Closure of Union contains Union of Closures

I'm teaching my self topology using a book I found. This is the second part of a 4 part question. First part is here.

I'm trying to prove the following problem from a book I found:

Let $X$ be a topological space and let $\mathscr{A}$ be a collection of subset of $X$. Prove
$\overline{ \bigcup \limits_{A \in \mathscr{A}} A}\supseteq \bigcup \limits_{A \in \mathscr{A}} \overline{A}$

*where the over line indicates closure.

First I'm going to show an example the them being equal, and then show an example of a proper superset. I know the examples are not needed for the proof, but I find them insightful, and these posts are like a notebook that I can refer back to later. Then I will attempt to prove this.

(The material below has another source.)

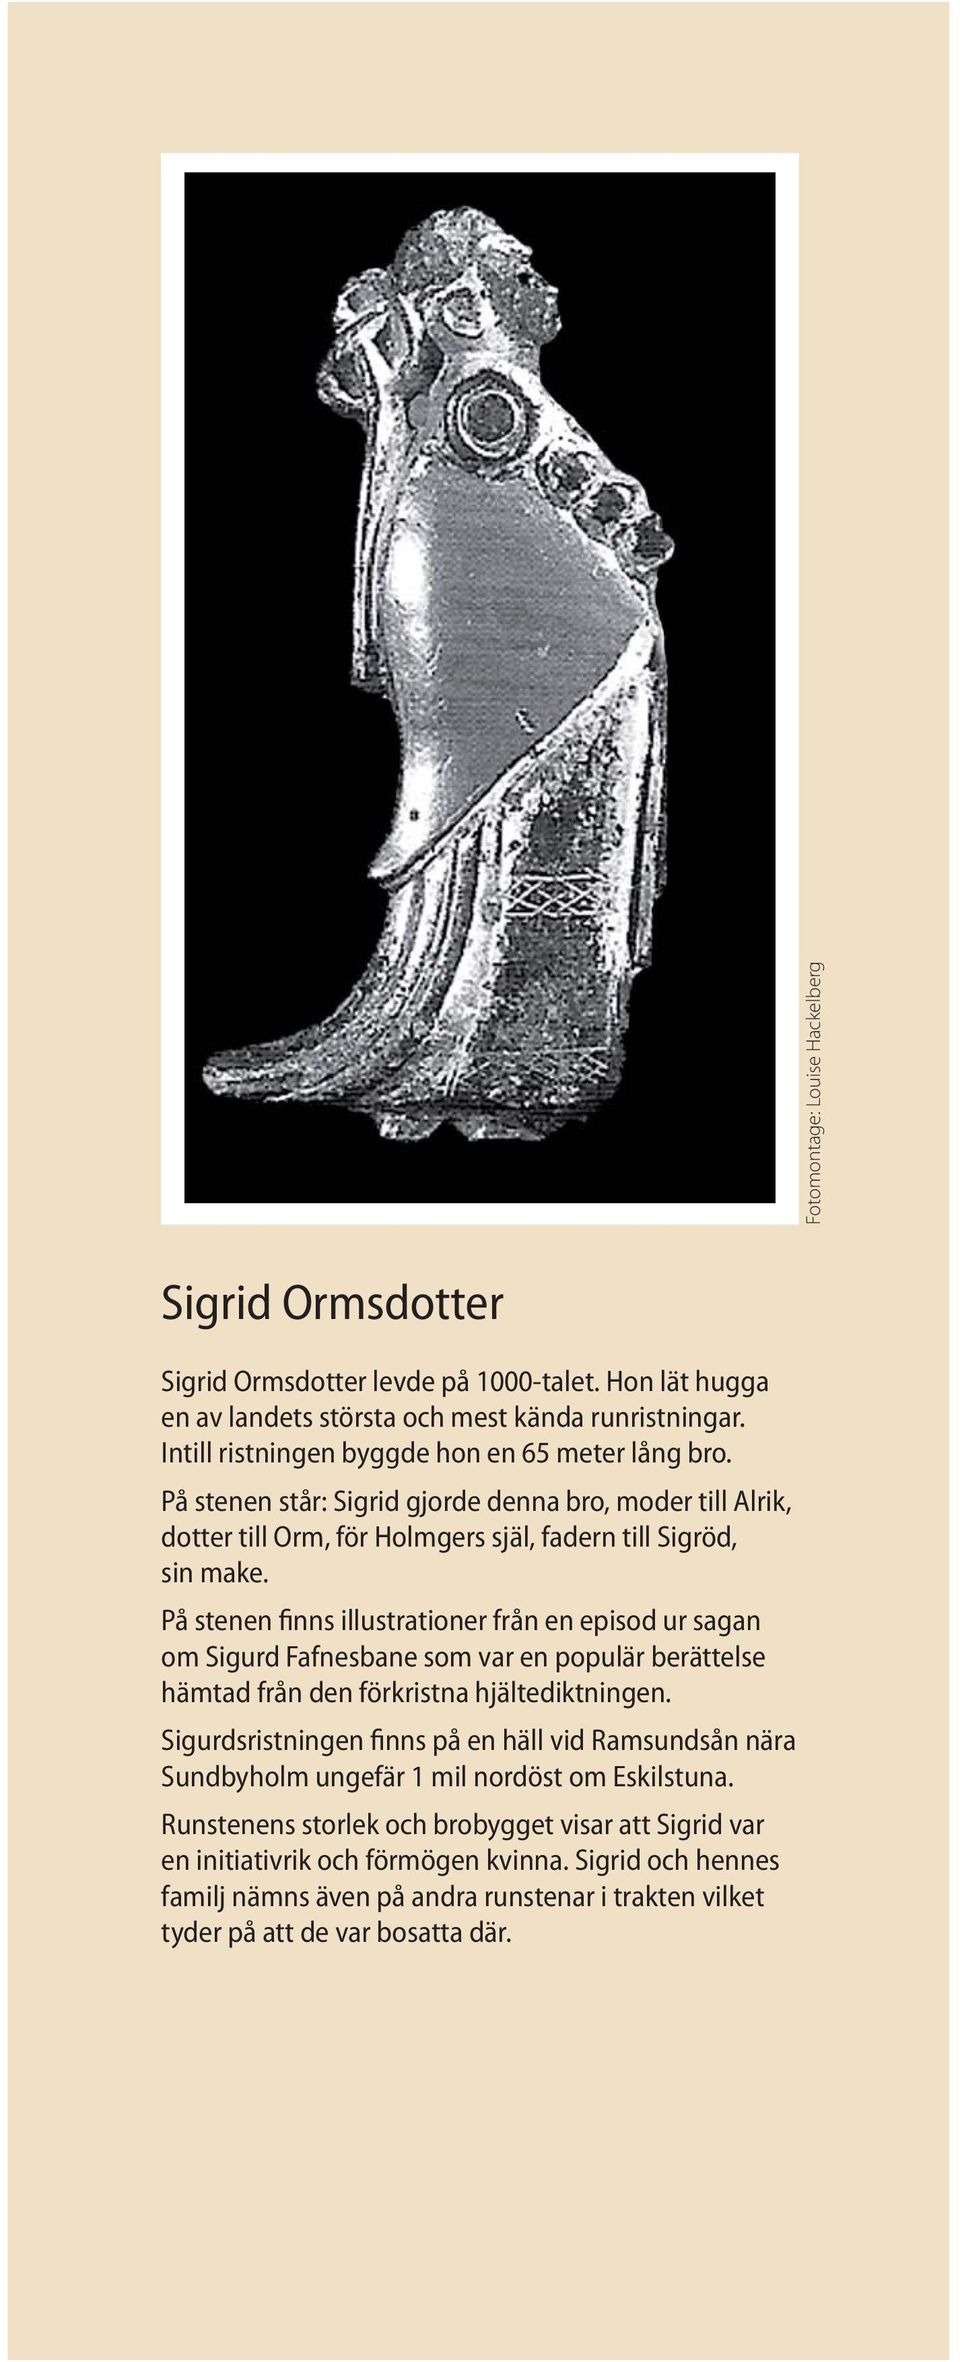 På stenen finns illustrationer från en episod ur sagan om Sigurd Fafnesbane som var en populär berättelse hämtad från den förkristna hjältediktningen.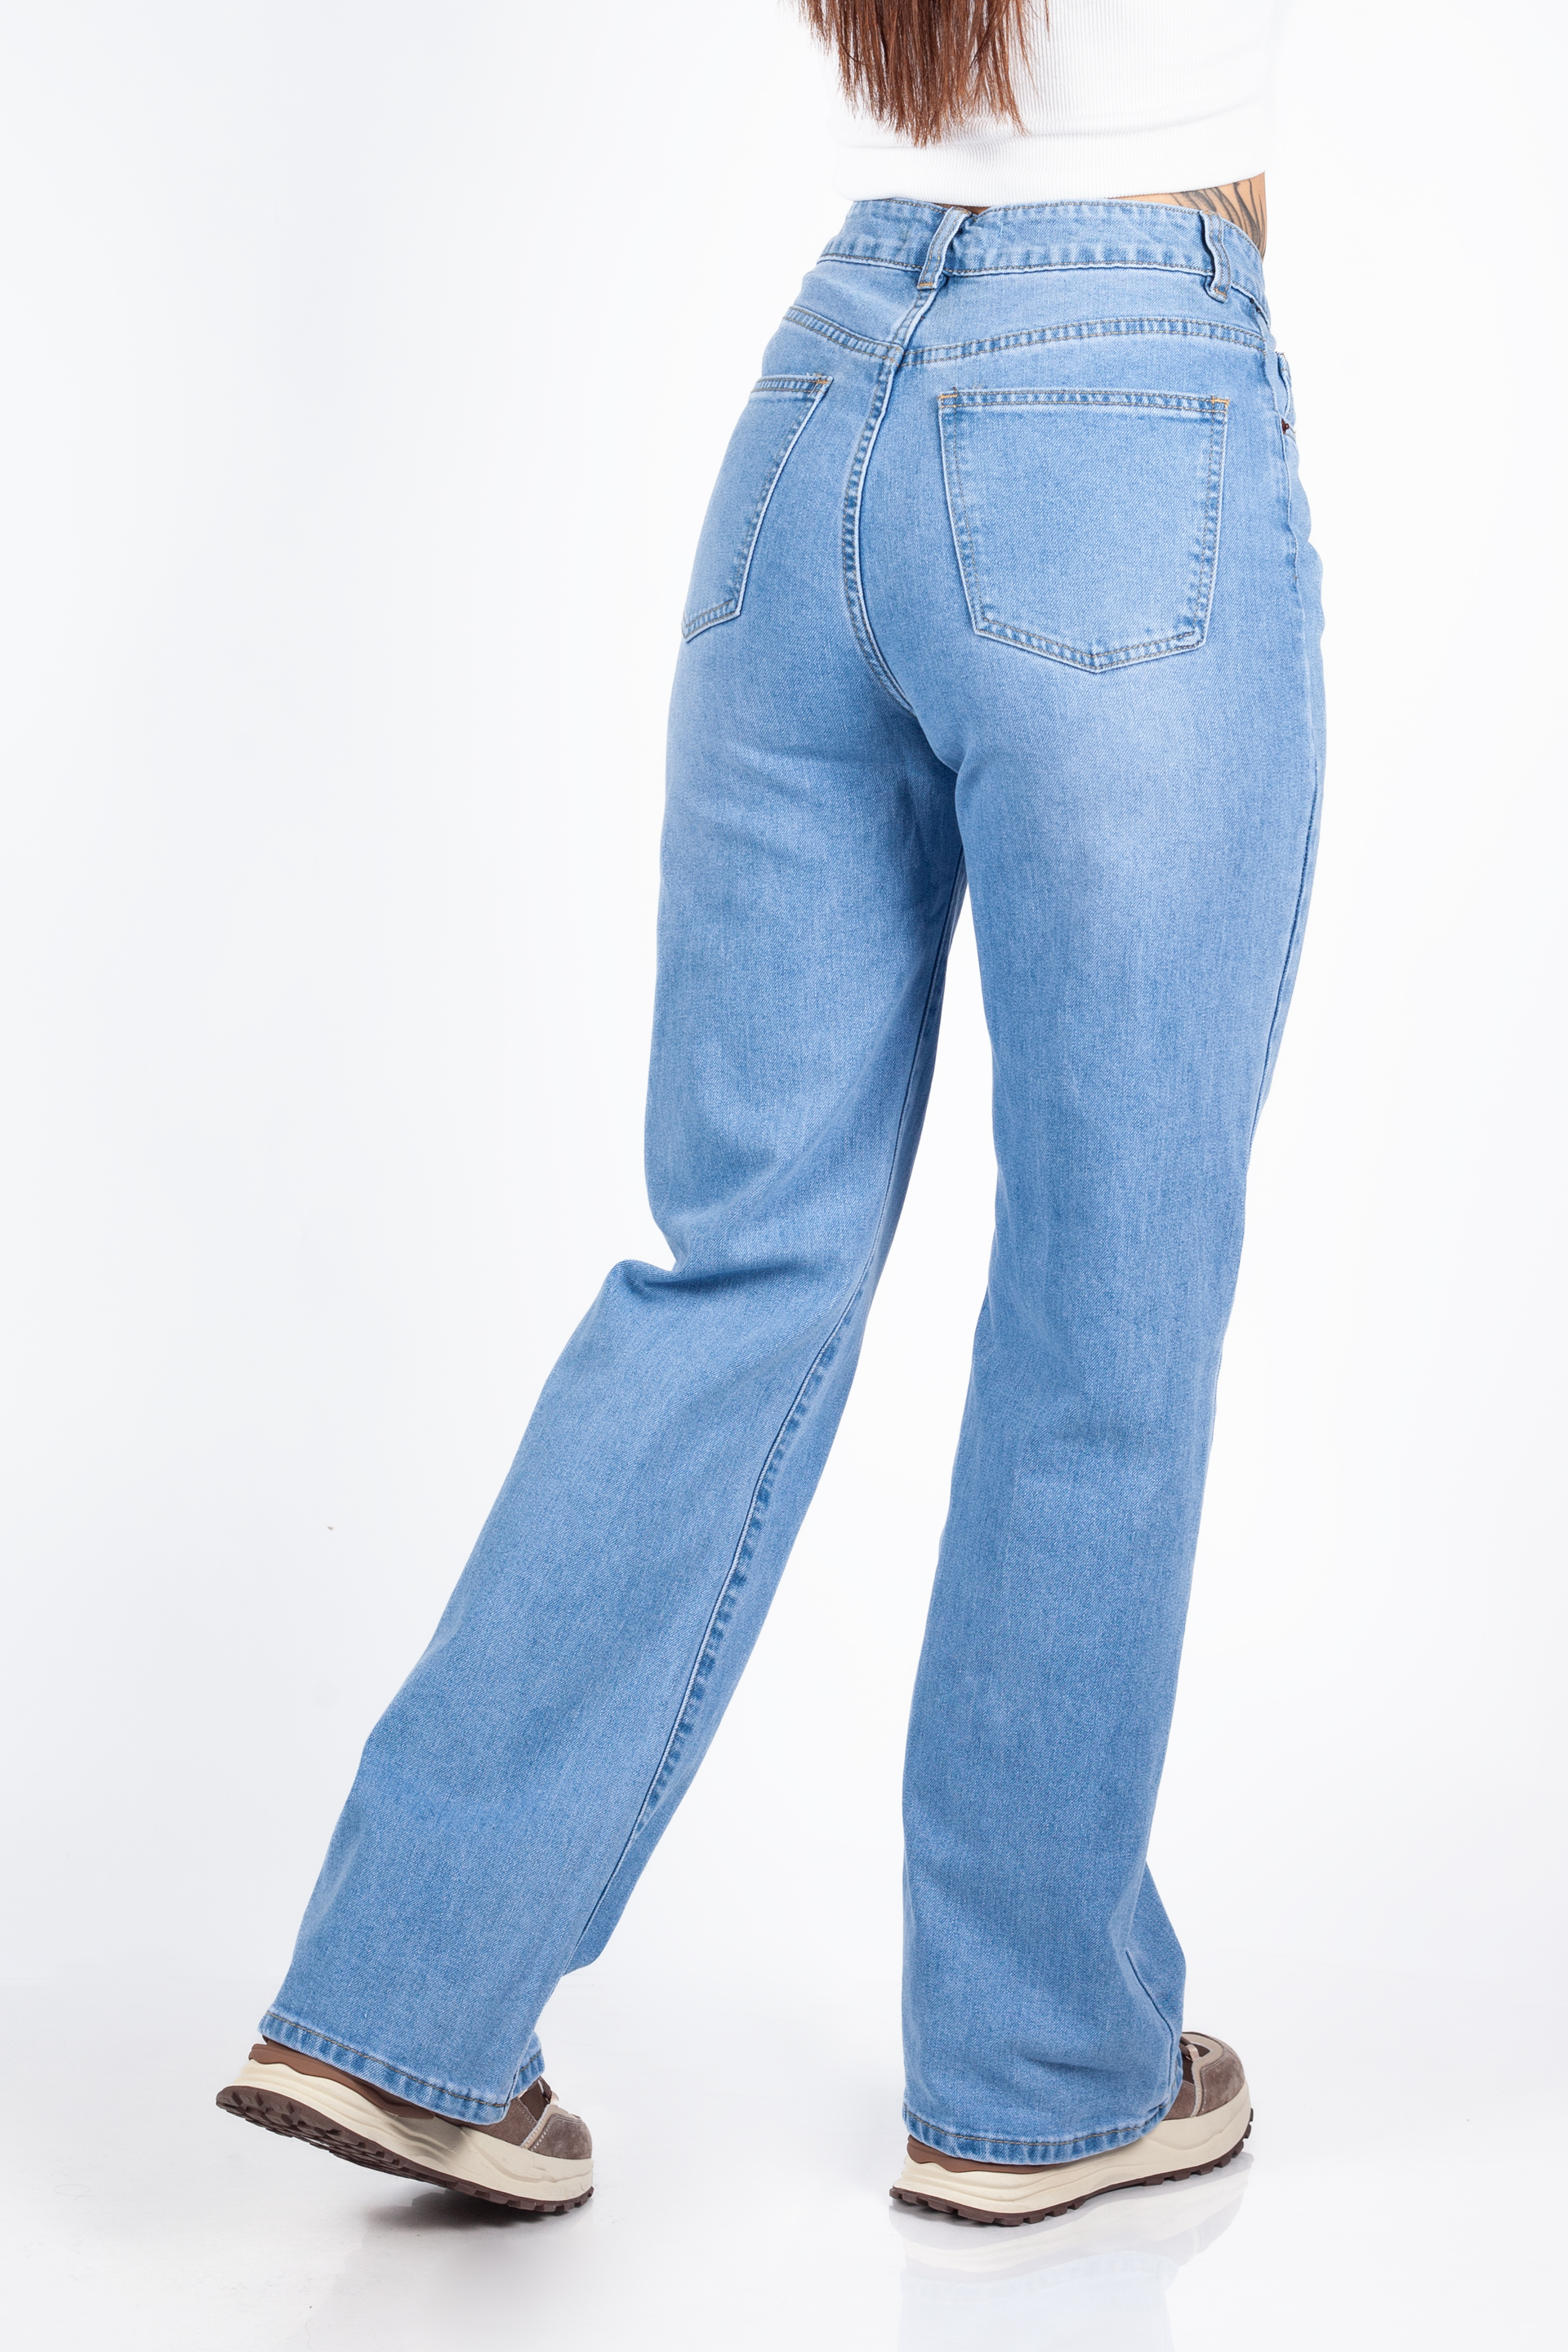 Jeans VS MISS VS8176

(I) Example of $\overline{ \bigcup \limits_{A \in \mathscr{A}} A} = \bigcup \limits_{A \in \mathscr{A}} \overline{A}$

I find that with "most" collections of subsets, the two sides come up equal. Let $X$ be $\mathbb{R}$ with the standard Euclidean metric. Also let, $\mathscr{A}=\{(1,6),(3,10)\}$. So then $ \bigcup \limits_{A \in \mathscr{A}} A= (1,10)$, and $\overline{ \bigcup \limits_{A \in \mathscr{A}} A} =[1,10]$. Next the right side would be: $\bigcup \limits_{A \in \mathscr{A}} \overline{A}= [1,6] \cup [3,10]=[1,10]$. So it is possible for the two sides to be equal.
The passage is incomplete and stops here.